The film achieves a truly Stygian vision through the excesses of the Demon King gang, as Dave, under the apparent influence of Hon, sows seeds of doubt among Broker and his cohorts (Lee Kwok-lun and Stephen Au). But these men need little prompting to stab each other in the back, consumed as they are by greed, and smugly unrepentant as they are about their crimes. Theirs is a profession rooted in the moribund world of undertakers and cremators, and production designer Lee Kin-wai conjures a suitably chilling mise-en-scene of funeral parlors, morgues, coffins and arcane rituals. The banality of such evil is neatly captured by Liu as Broker, dialing down his performance to a very pragmatic level of malice.

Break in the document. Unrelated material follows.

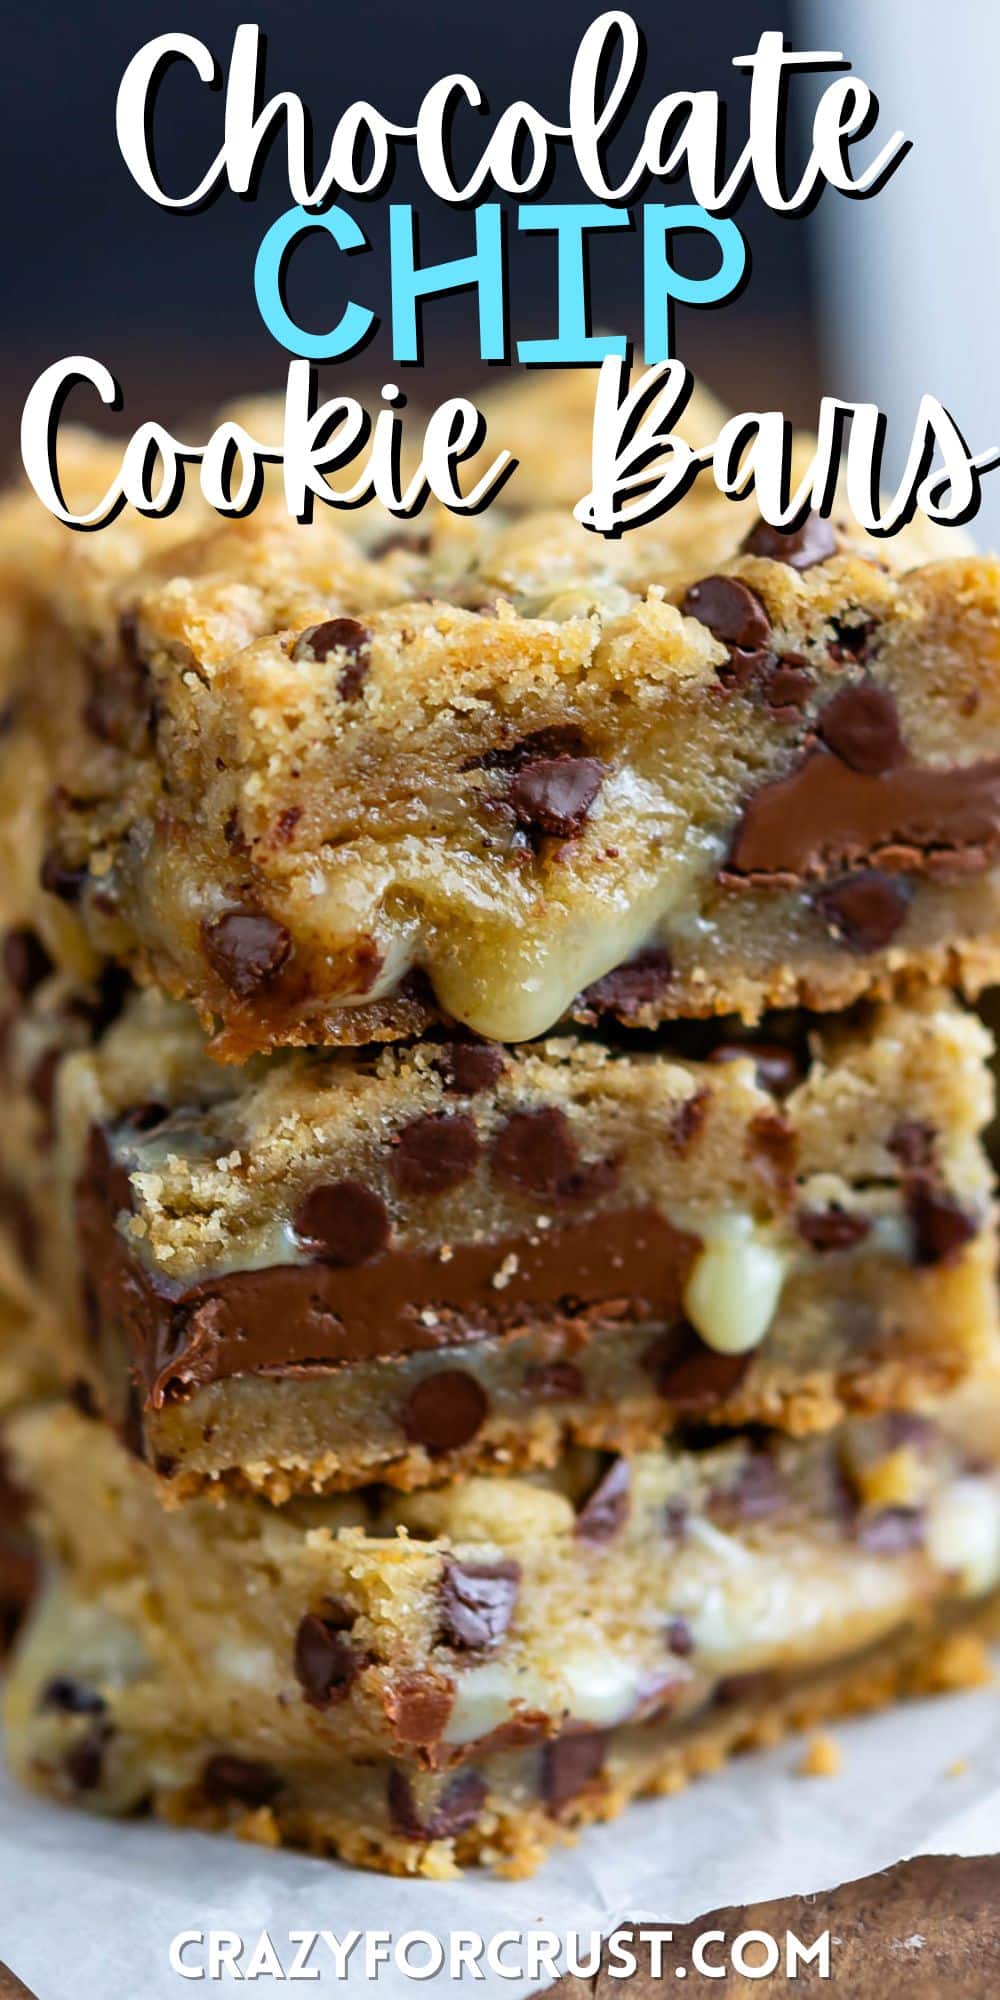 stacked gooey bars with chocolate chips baked into the center with words on the image.

Tech credits are exemplary, with particular kudos to car stunt designer Thomson Ng for a Grand Guignol gas-station finale with a blazing symbol of hell as its centerpiece. The primarily nocturnal backdrop takes on a nebulous glow in d.p. Kenny Tse’s subtly lit lensing, though blacks dominate the alternately richly saturated and wanly sepia images. Under the editorial supervision of Hong Kong New Wave stalwart Patrick Tam, Curran Pang’s seamless dissolves and complex montages blur the lines between imagination and reality, while Leo Ko’s unnerving score alludes to Chinese ceremonial performances with its drum and gong combinations.